Regardless of how much negative vibes the Reds put out in the world (They’ve had seven winning months in the last seven years or so), Red Reporter has always been a good place to channel those vague existential frustrations into something much more valuable: entertainment for your fellow travellers.
The best thing about Red Reporter is that it isn’t about the baseball.
Who the hell are you?
How did you get here?
What is the best snack? That is, something you can eat with very little or no preparation. An apple, for example, counts. You can pluck that off the tree and snack the hell out of it. Most fruits and such are like this. Fudge Rounds and Star Crunch, though categorically different in every conceivable respect, are also in play. Alls you gots to do is unwrap it (though even that ain’t strictly necessary if conditions are right). That is snackability defined.
Did you have a favorite non-Red growing up? Who and why?

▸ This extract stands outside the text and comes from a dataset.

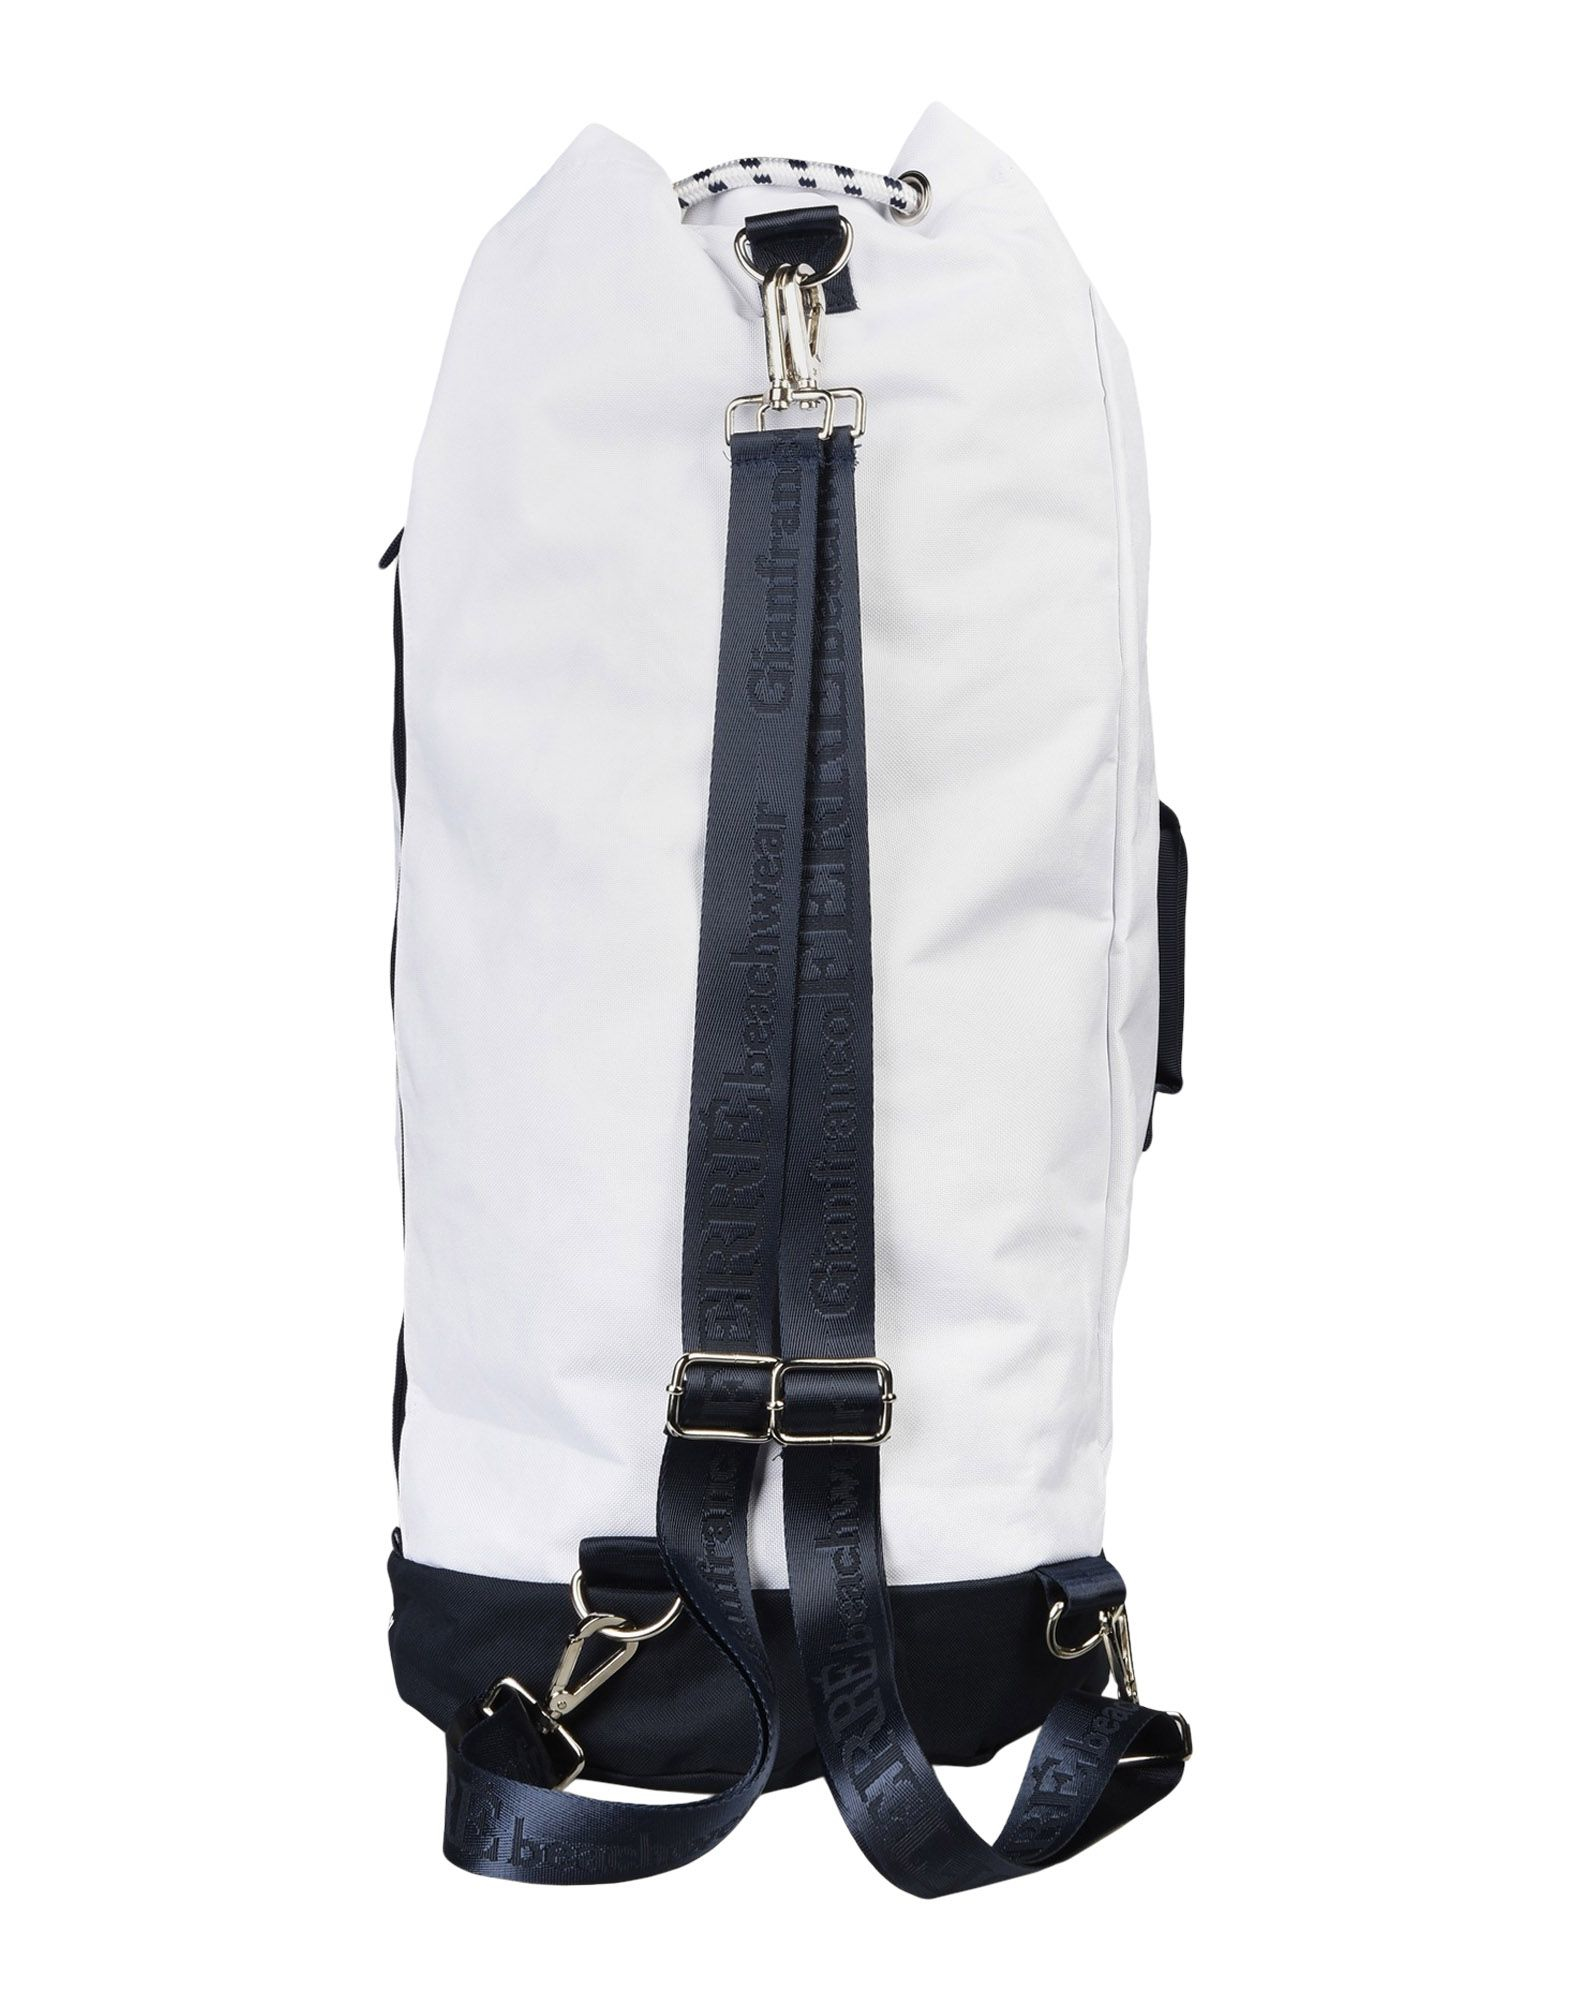 Gianfranco Ferré Canvas Backpacks & Bum Bags in Dark Blue (Blue)

You are the expeditionary captain of the last settler colony launched from Earth in the year 2421. When your consciousness emerges from digital storage and your body is set out on the counter to thaw like a can of orange juice concentrate, the note on the fridge says the first thing you gotta do is make sure your fledgling humanitarian project has edifying stories to tell and heroes to worship. So you have to go on Wikipedia and download three biographies of any three people in history and then build statues in their honor so the people have some psychosocial anchor for their society. Who you got?
What is the best meal? Breakfast, Brunch, Lunch, or Supper/Dinner?
Is it supper or dinner?
Who is your favorite current Red?
If given the opportunity and immunity from consequences, would you kick Bob Castellini in the butt or in the dick?
Coffee on a summer morning: do you still drink it hot?